My girlfriend found him dead in his tank last night. It was sudden; cause of death is unknown, but his tankmate looks normal. /:

Goodbye, pretty boy.


----------



## Skyewillow (Dec 28, 2012)

Oh no! I'm so sorry to hear it, Fenghuang! -hug-


----------



## Agility4fun (Nov 16, 2012)

Awe, so sorry.


----------



## Fenghuang (Dec 28, 2012)

Thanks, guys. The gf is really broken up about it. /:


----------



## Tabbie82 (Jan 24, 2013)

Aw, I am so sorry! That's awful.


----------



## Fenghuang (Dec 28, 2012)

Something good did happen today. I woke up at 3 in the morning to find frantic messages from her, saying that Grimm had died last night. She was beyond upset about it because she knew how emotionally attached I am to all my animals. 

This afternoon, she had gone to her LFS for their new shipment of plants and fell in love with this blue and white boy. She sent me pictures and I commented that I liked him. Later, I found out that she went back and bought him.


----------



## MattsBettas (Dec 18, 2012)

Sip Grimm.

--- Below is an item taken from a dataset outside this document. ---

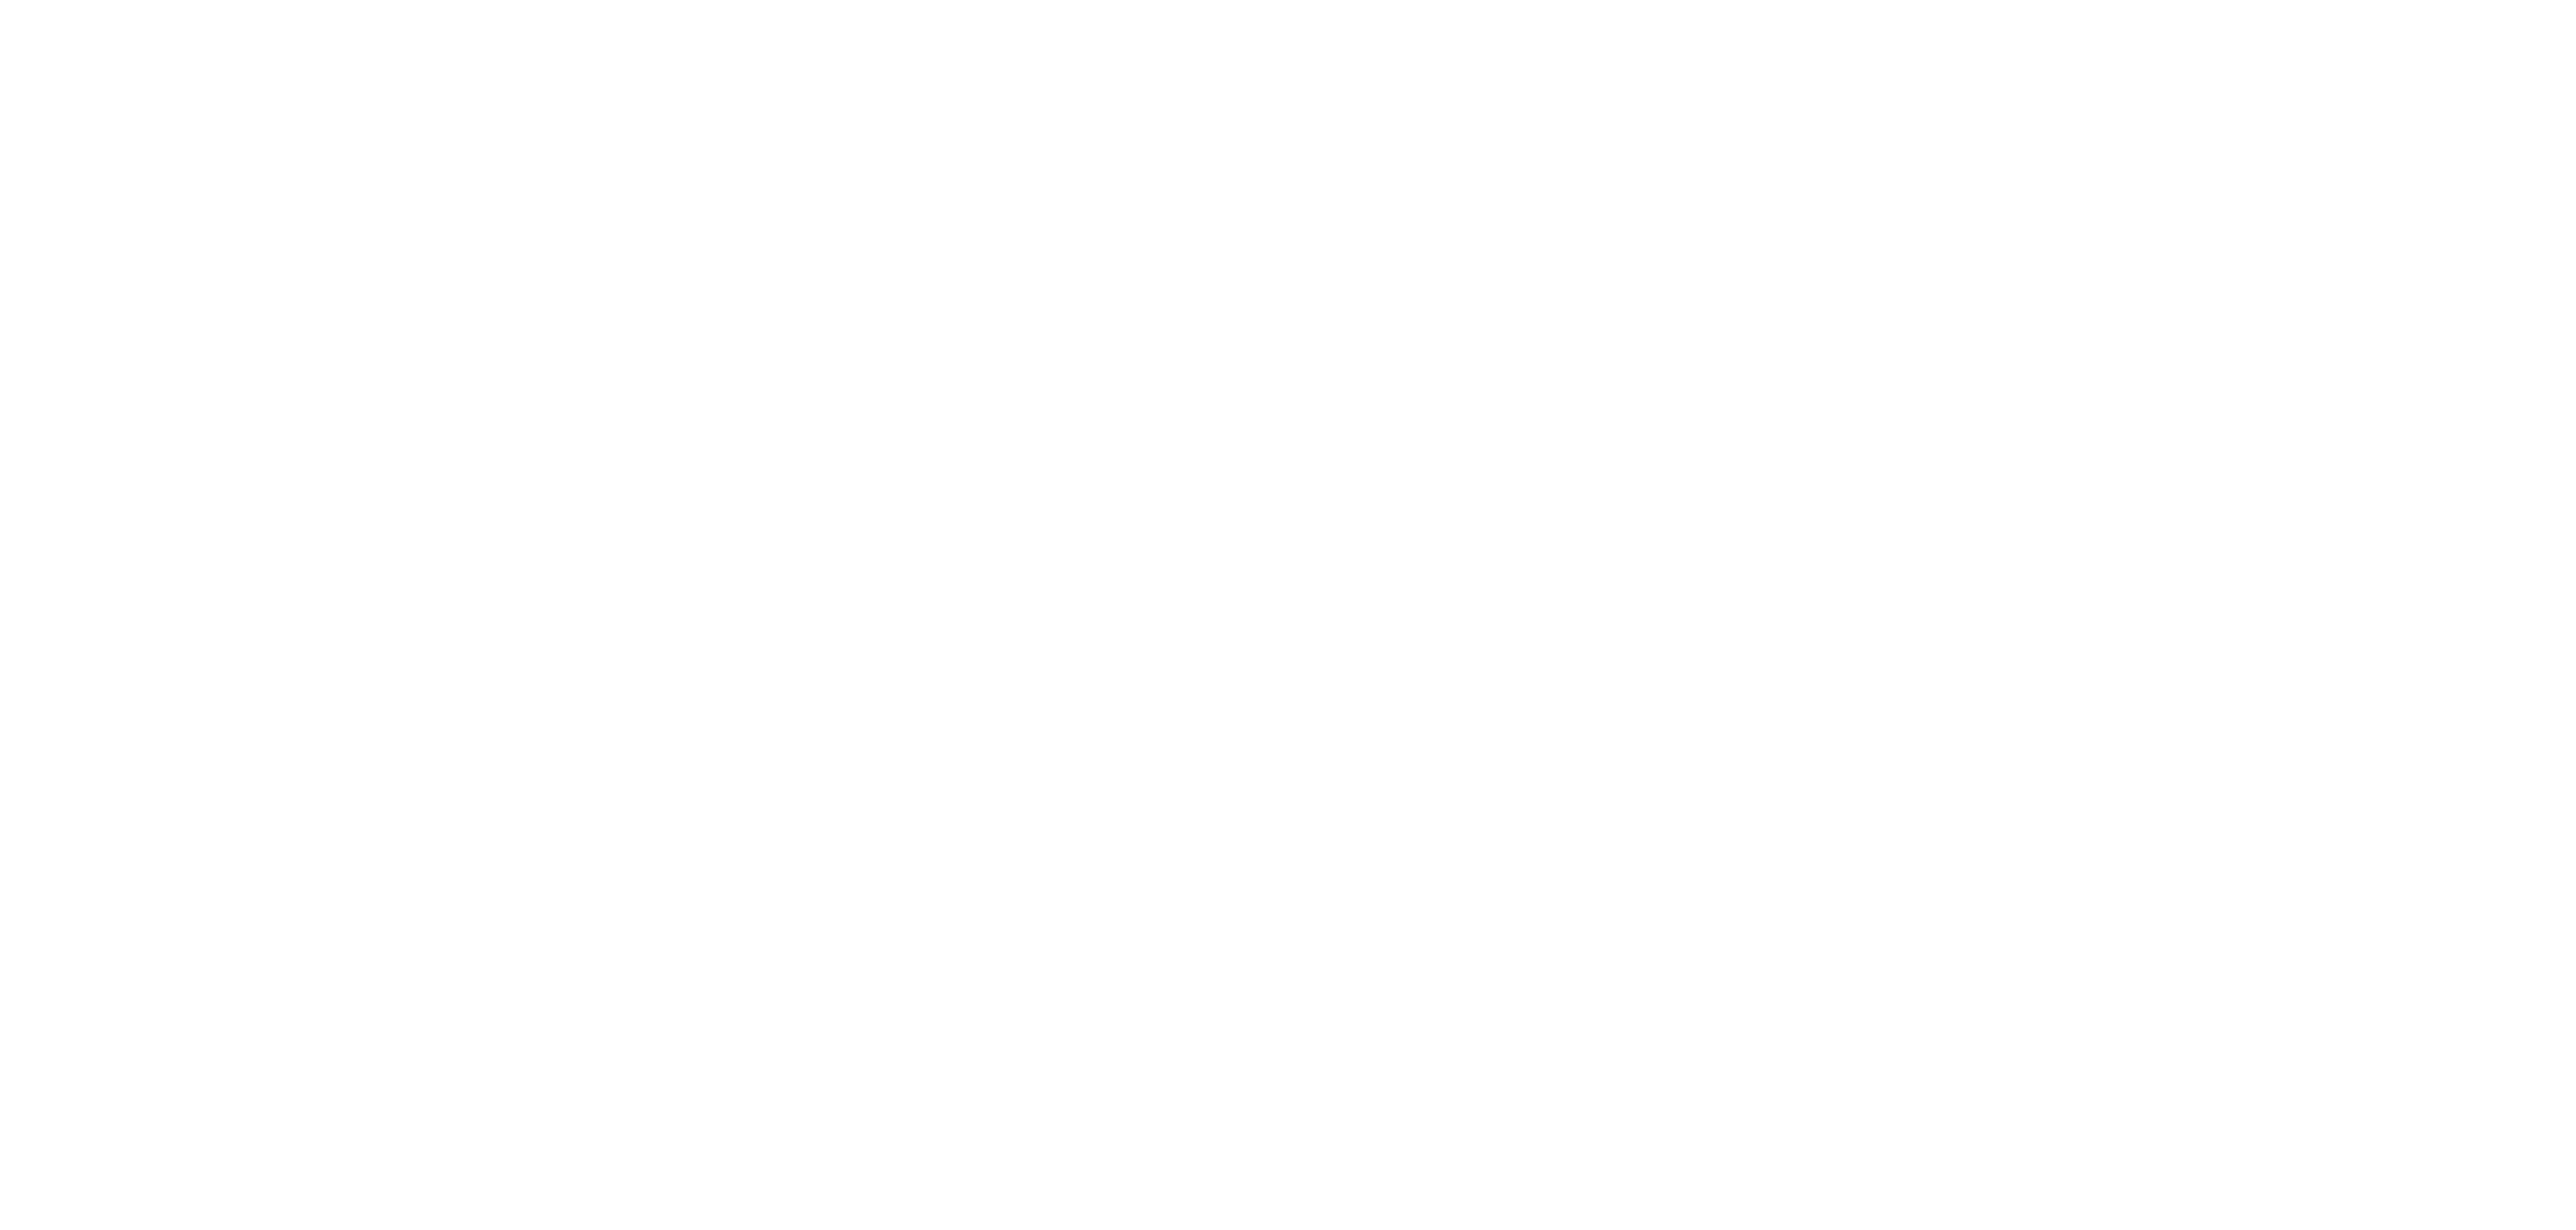 Night Frights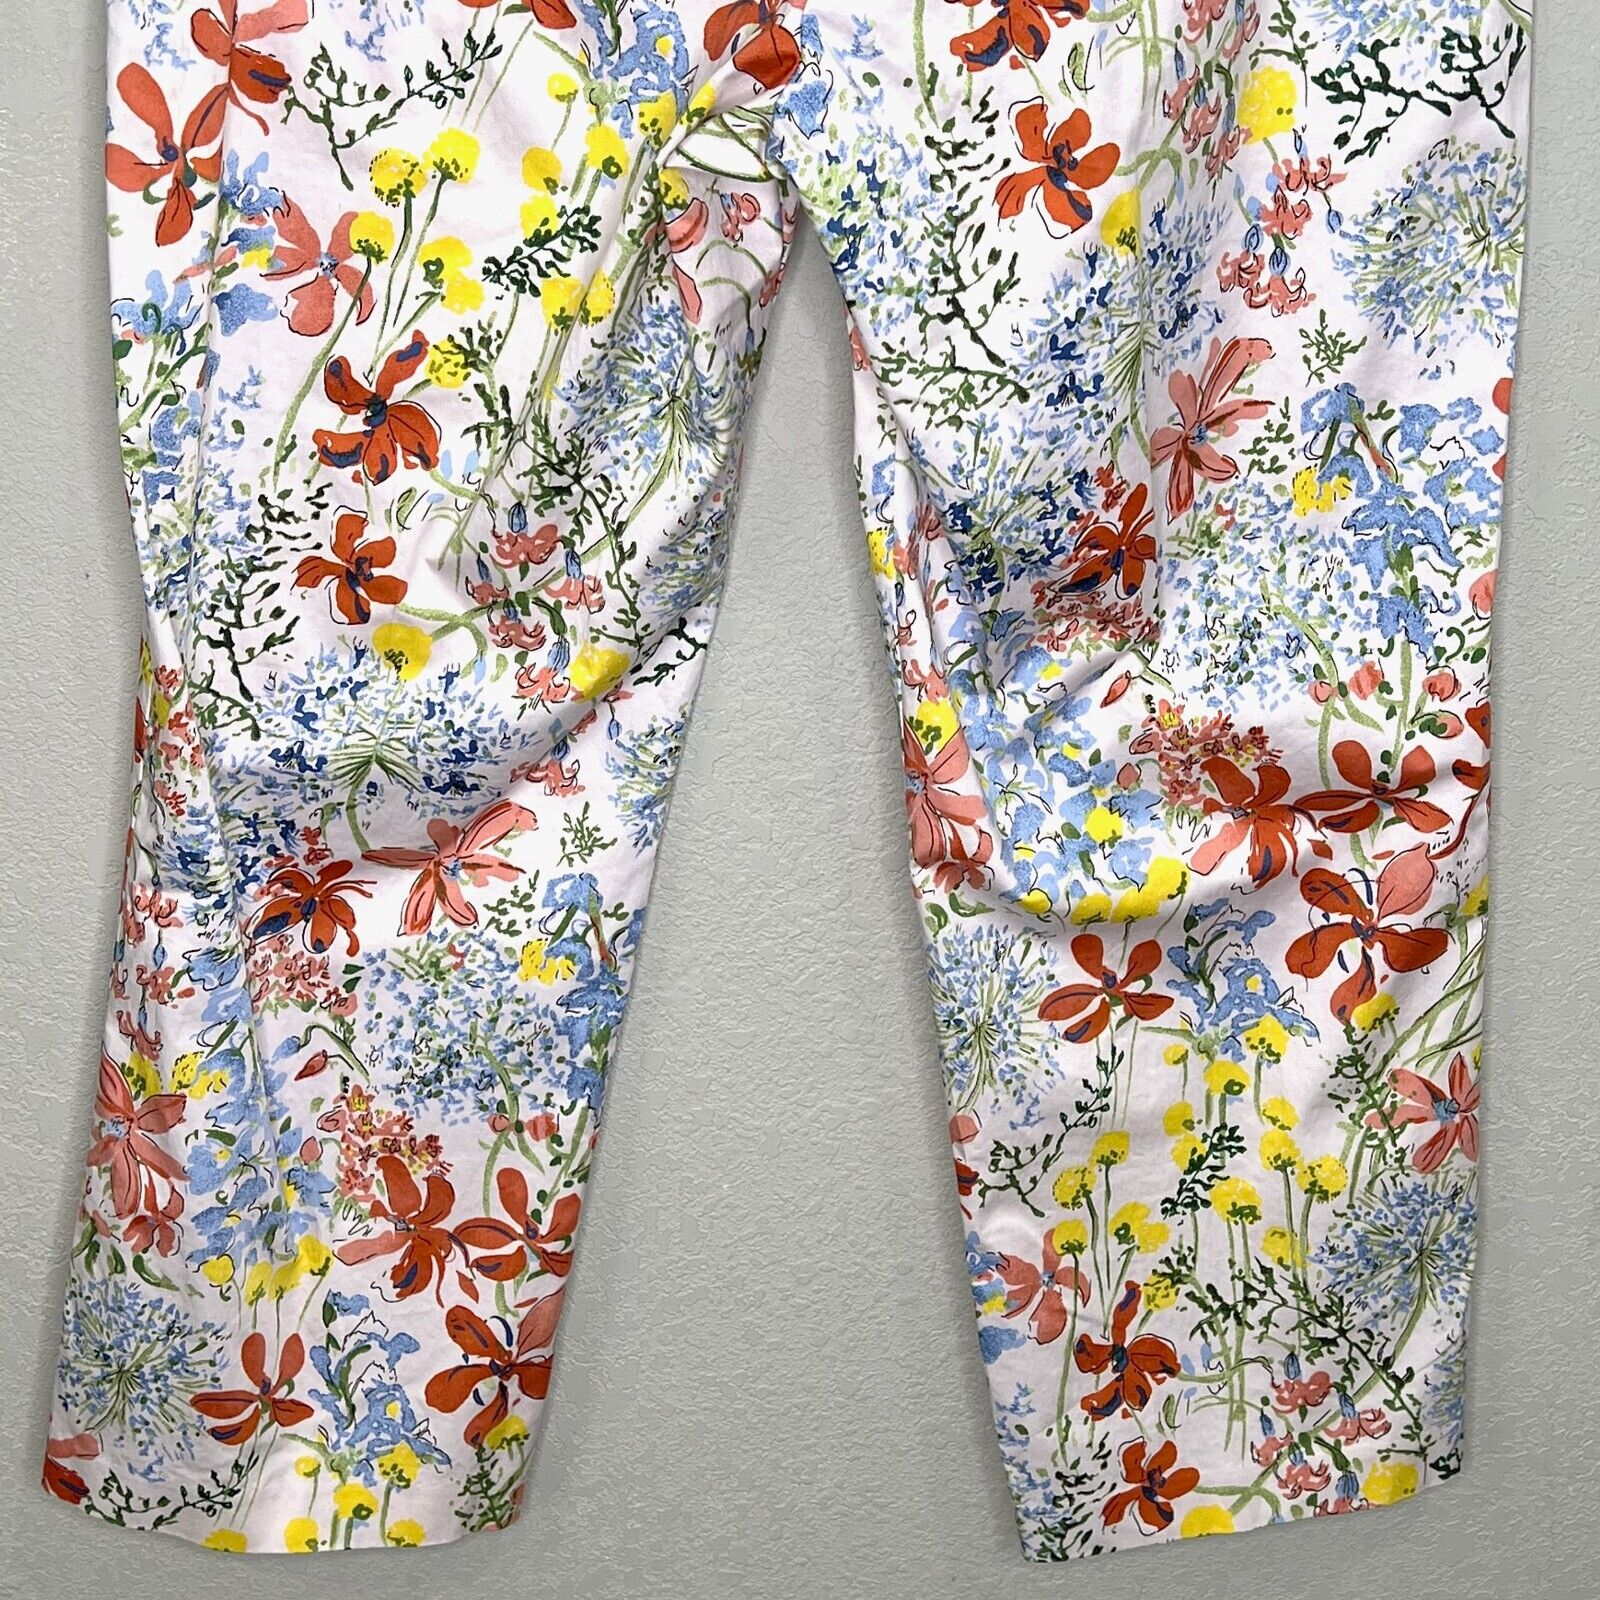 Brooks Brothers Cotton Blend Floral Stretch Capri Pants Size 12

He was a very pretty boy. I know it is not like you can just replace him, but finding a nice one soon after is a bit of a blessing.


----------



## Fenghuang (Dec 28, 2012)

I could not agree more, Matt. Thank you.


----------



## Skyewillow (Dec 28, 2012)

Aww, she's a sweetie!


----------



## Fenghuang (Dec 28, 2012)

Yup, she is the best. She really cheered me up.


----------